→ Records to use
+ + + +

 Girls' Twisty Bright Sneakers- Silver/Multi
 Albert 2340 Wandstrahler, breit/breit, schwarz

+ + + +

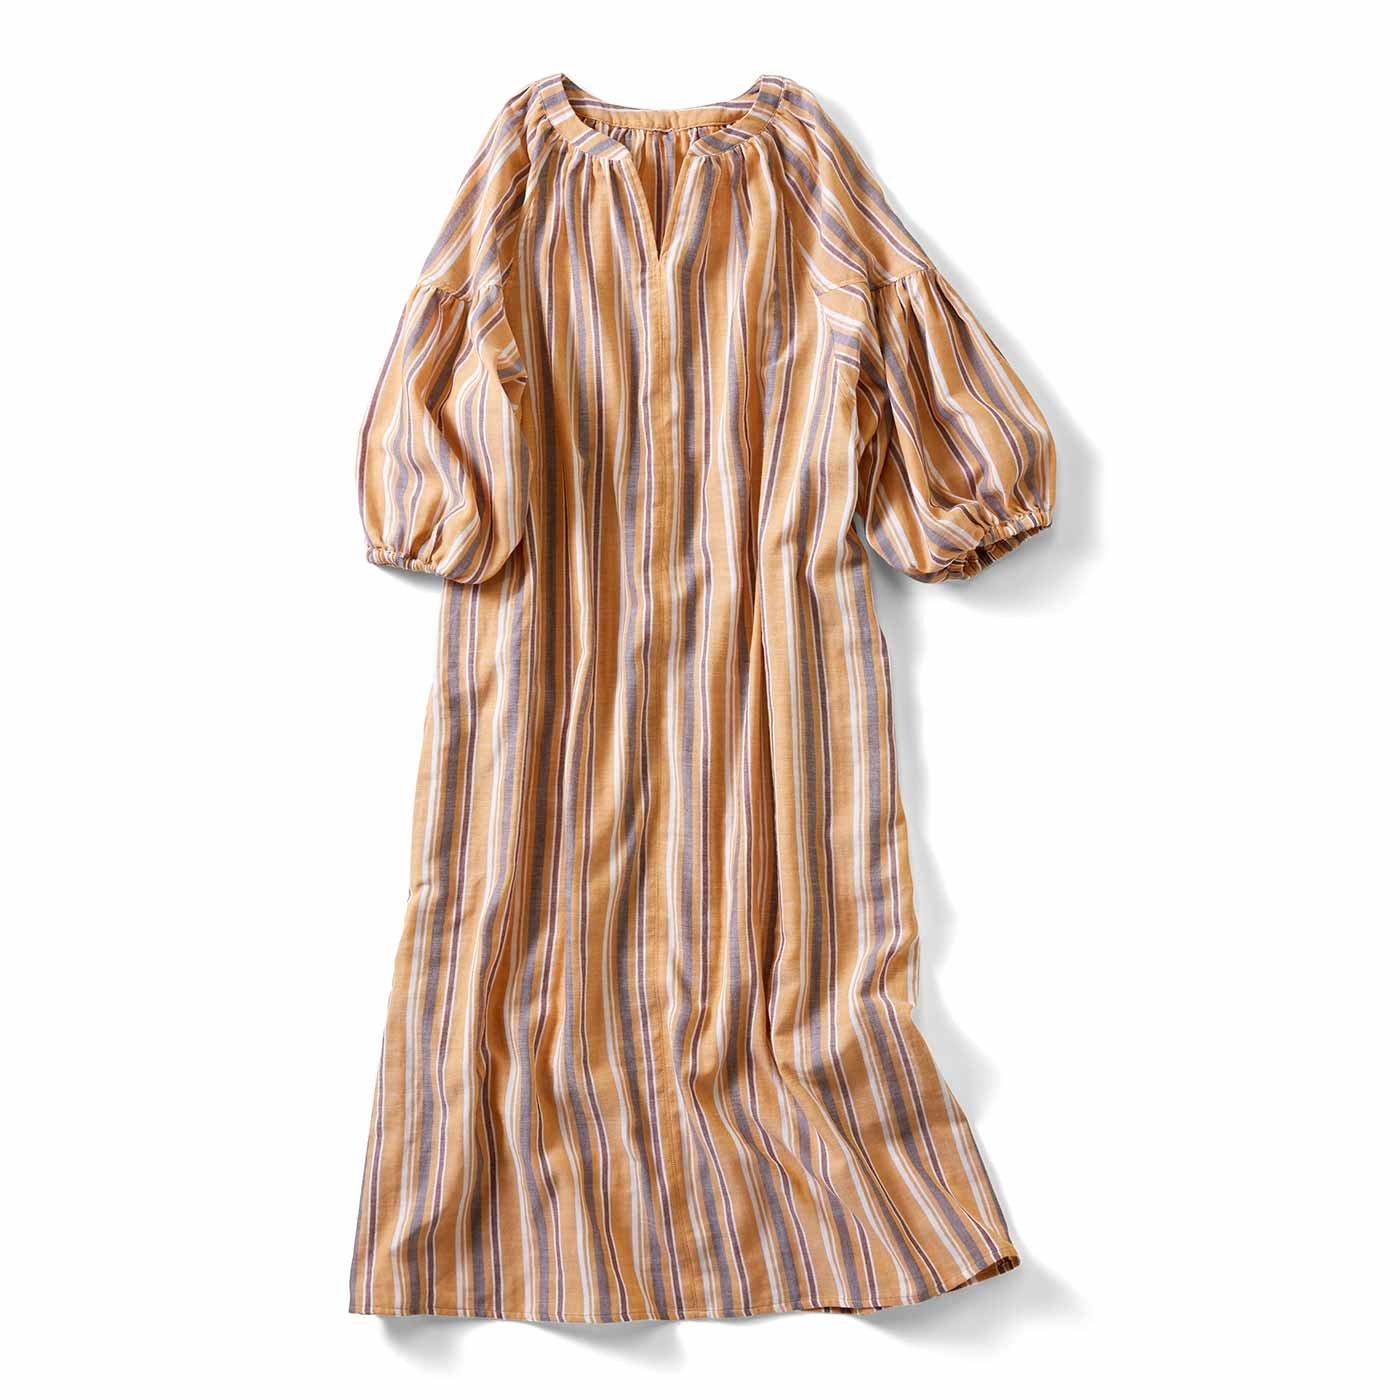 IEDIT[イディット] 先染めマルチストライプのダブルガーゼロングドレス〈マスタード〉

+ + + +

→ Task prompt
Within the material above, copy exactly the lines from the line that holds "Girls' Twisty Bright Sneakers- Silver/Multi" up to and including the line that holds "Albert 2340 Wandstrahler, breit/breit, schwarz".

→ Reply
 Girls' Twisty Bright Sneakers- Silver/Multi
 Albert 2340 Wandstrahler, breit/breit, schwarz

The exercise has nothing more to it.